The latest slew of fines against banks (almost US $6 billion) in wake of the FOREX scandal has attracted predictable headlines from the press along the lines of “How can it be that so few individuals have been held to account?”
Yet, as I write this blog, a senior trader with two of the banks concerned is today becoming the first person to face trial by jury over allegations he conspired to rig global Libor interest rates when his case begins in London.
The former yen derivatives trader is charged by the Serious Fraud Office (SFO) with eight counts of conspiracy to defraud between 2006 and 2010, a criminal offence that carries a maximum jail sentence of 10 years. A range of other individuals are expected to face trial here in the UK and beyond.
The UK is also about to introduce the Senior Managers Regime (SMR), one of the most far-reaching reforms focusing on individual accountability ever implemented.
Are They Getting Away With It?
So how justified are the headlines? Are the bankers really “getting away with it”? Perhaps even more importantly, will they get away with it in the future or will the new reforms eradicate what Martin Wheatley the Chief Executive of the Financial Conduct Authority has called the “Murder on the Orient Express Defence”?

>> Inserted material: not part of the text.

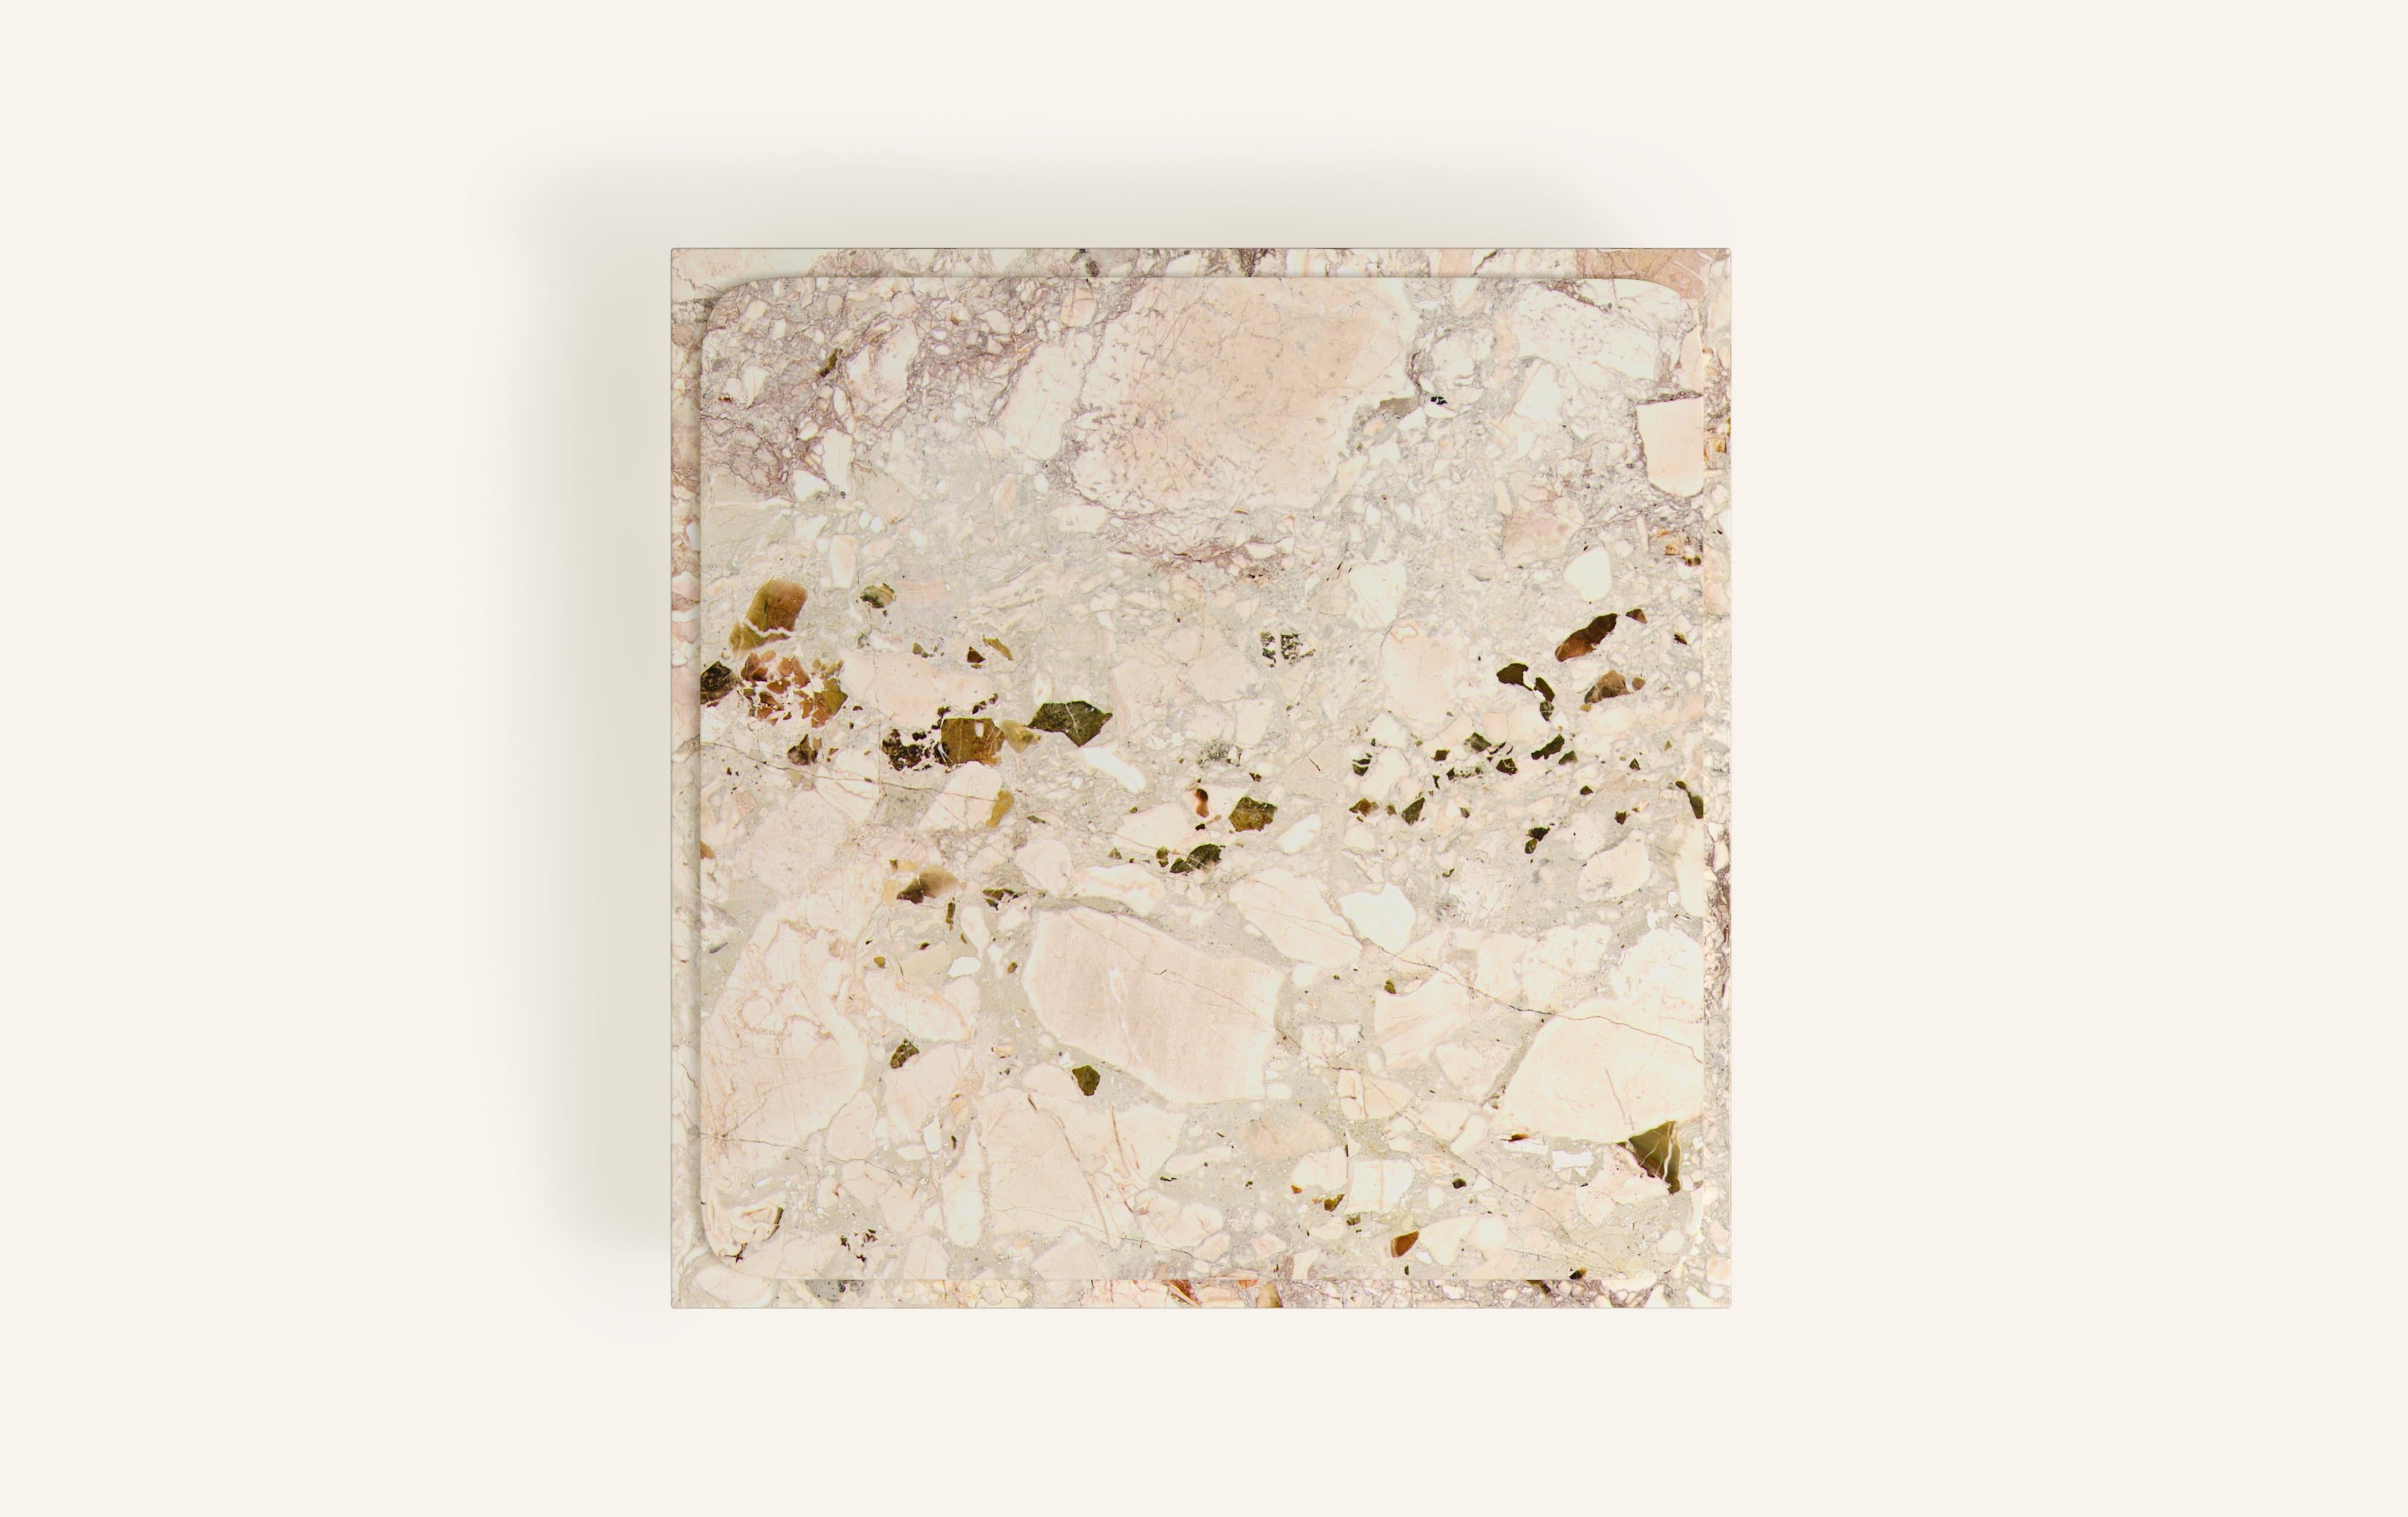 American FORM(LA) Cubo Square Plinth Coffee Table 60”L x 60”W x 13”H Breccia Rosa Marble For Sale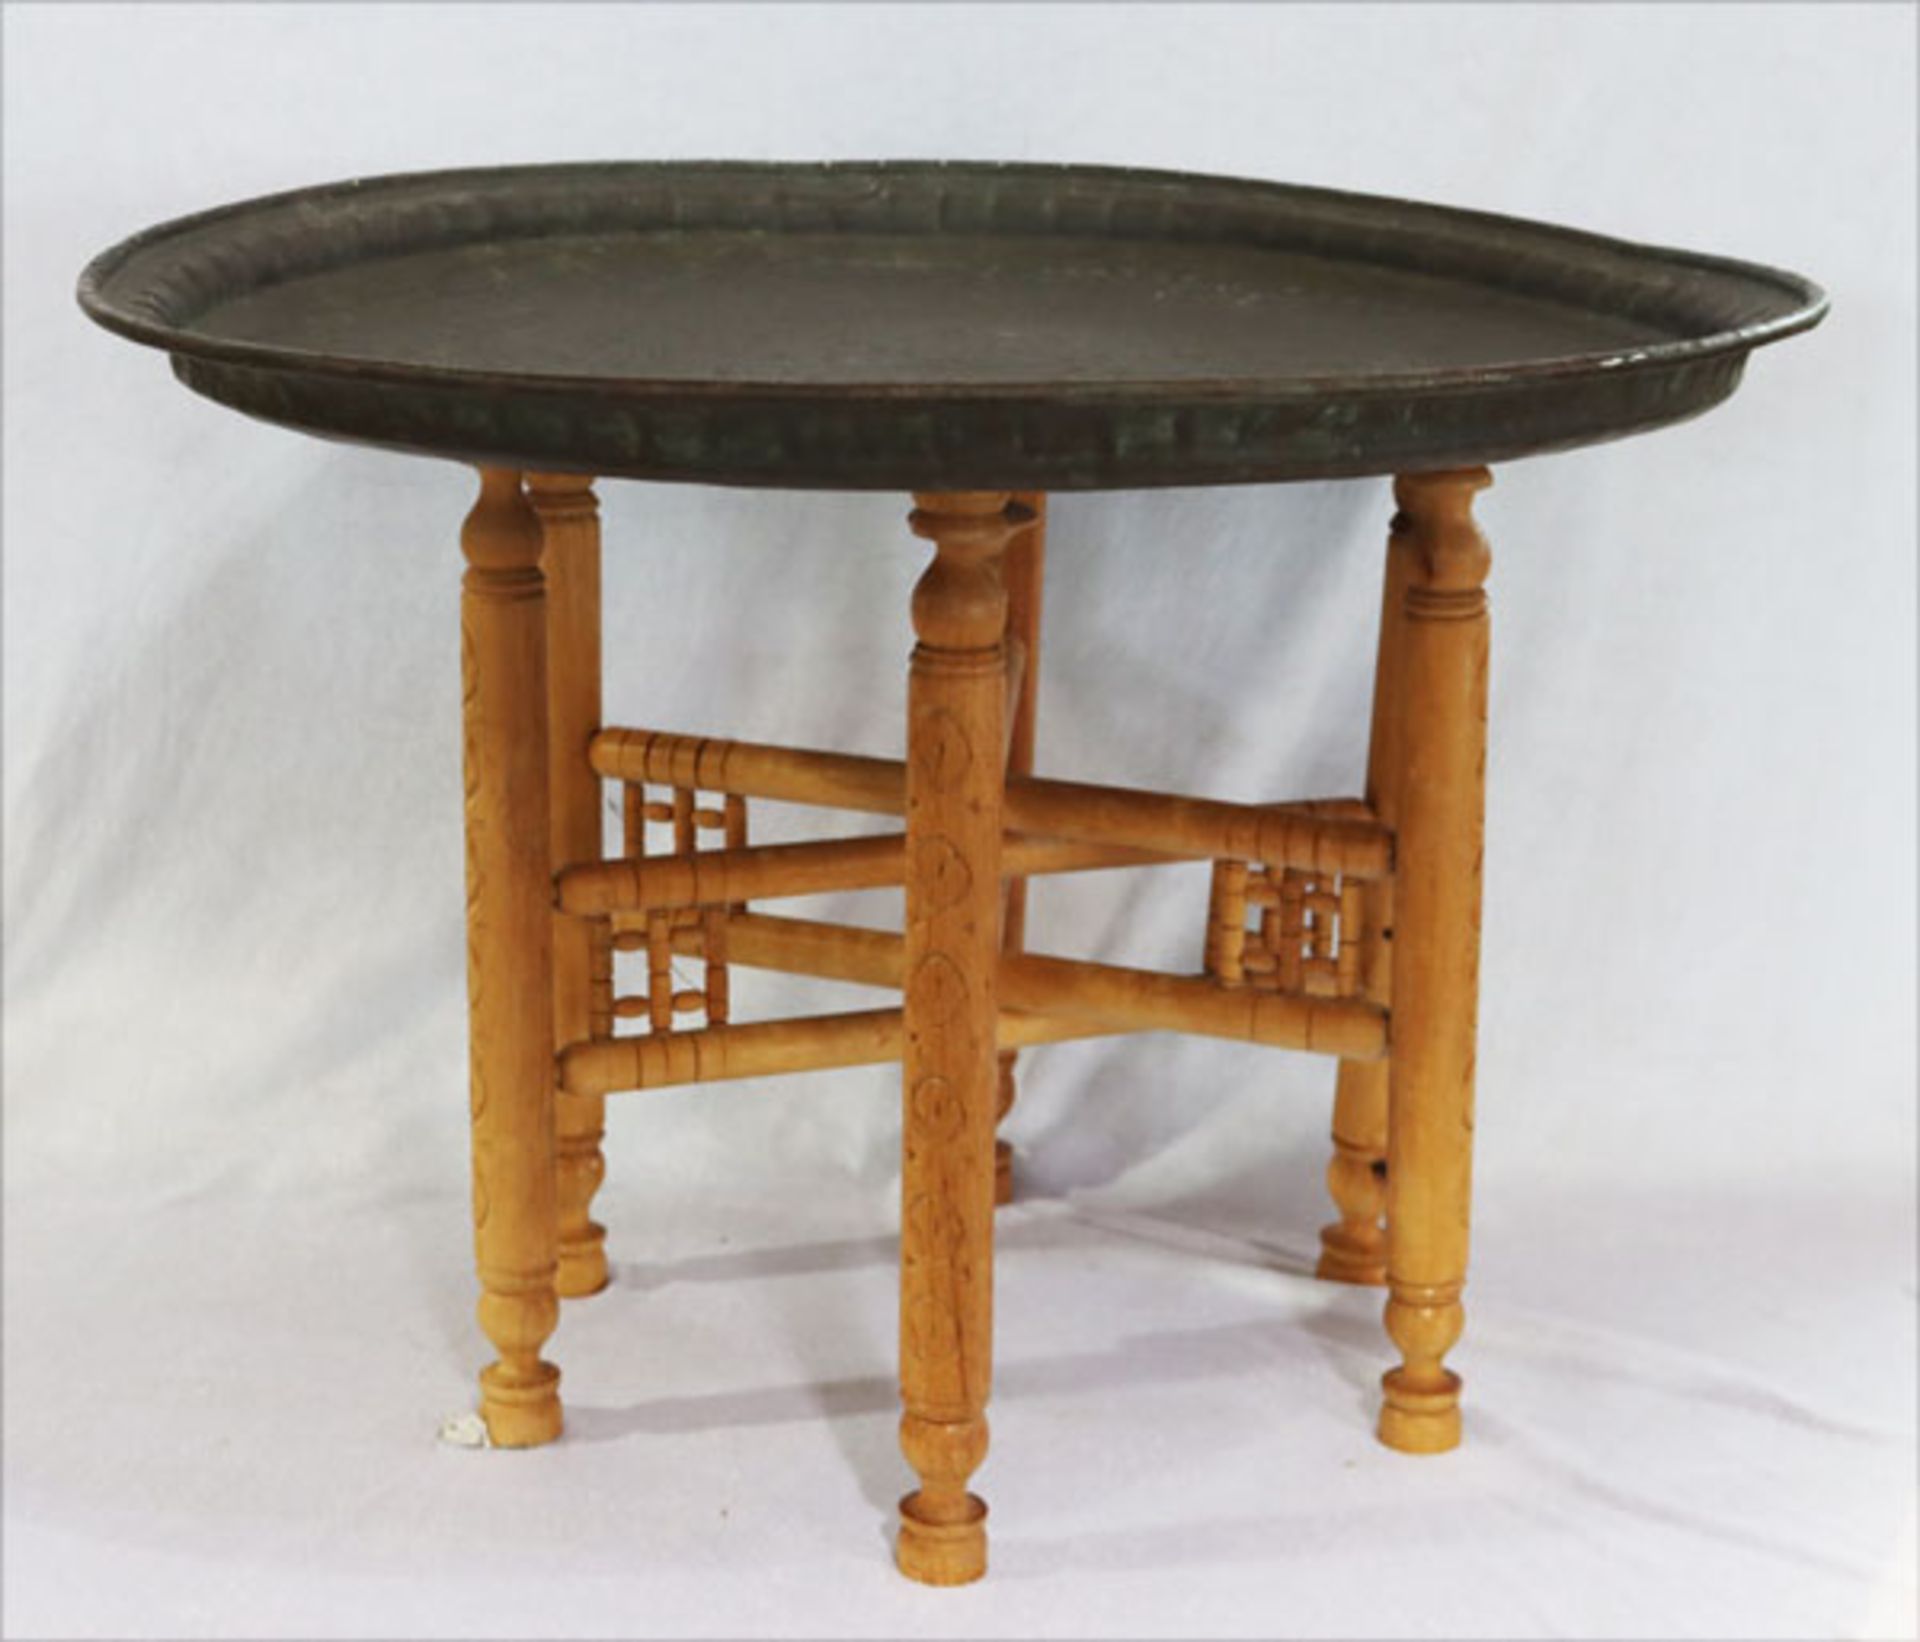 Orient Teetisch, Kupfer mit klappbarem Holzuntergestell, H 50 cm, D 72,5 cm, Gebrauchsspuren

Industries characterised by weak accountability – or by individuals seeking to protect themselves on a ‘Murder on the Orient Express’ defence (it wasn’t me, it could have been anyone) – are almost invariably less financially stable, and more prone to misconduct.
Plenty has already been written about the SMR including on my previous blogs. So I don’t intend to go into the detail of it here. Instead I want to focus on a particular tension between the concepts of accountability and effective regulation, which has been highlighted by a recent Court of Appeal judgment.
A specific challenge for regulators and investigators seeking to apply and enforce the concept of “accountability” against individuals is how to be fair (and be seen to be fair) and deliver justice.
This is what Section 393 of the Financial Services and Markets Act 2000 is all about. It is designed to give “identified” individuals the right to make representations in relation to warning and decision notices given to others in respect of whom the Financial Conduct Authority is taking regulatory action.
The question is what does “identified” mean in this context. This formed the basis for the FCA’s recent unsuccessful appeal to the Court of Appeal. The case concerned a former senior manager of JP Morgan at the time of the London Whale rogue trader losses in 2012.
The FCA in its Final Notice to JP Morgan, in which it fined the bank £137million, made reference to the bank’s “CIO London management” but did not name any individuals. Mr Achilles Macris was at the time within the management structure of the bank, exercised a controlled function and had the job title of International Chief Investment Officer. He complained that, looked at in its proper context, the notice did, in effect, single him out through use of the phrase “CIO London management”.
The FCA disagreed. It argued that a general reader would not unambiguously and unequivocally have been able to identify Mr Macriss.
The Court of Appeal took a different view. It found that the test for identification should be similar to that applied in defamation cases. The correct approach was summed up as follows:
“Are the words used …. such as would reasonably in the circumstances lead persons acquainted with the claimant/ third party, or who operate in his area of the financial services industry, and therefore would have the requisite specialist knowledge of the relevant circumstances, to believe as at the date of the promulgation of the Notice that he is a person prejudicially affected by matters stated in the reasons contained in the notice?”
Applying this test to the facts of the case, The Court of Appeal ruled that Mr Macriss ought to have been given representation rights under Section 393 before the Notice was issued.
Whether the FCA will apply to the Supreme Court for leave to appeal this decision remains to be seen but it is not hard to see how see how the case has the potential to give the FCA a severe headache under the new SMR regime.
The very new tools which the FCA will have at its disposal to render individuals accountable such as Statements of Responsibility and Management Responsibility Maps will be additional sources by which individuals can be identified. Indeed that is the whole point of them. Does this mean that the FCA will in future have to choose between either full-blown enforcement against individuals or the issuing of notices to the entity alone, which are so deprived of colour and context (for fear of identifying individuals) that they lack the very punch and deterrent effect which the FCA is looking for?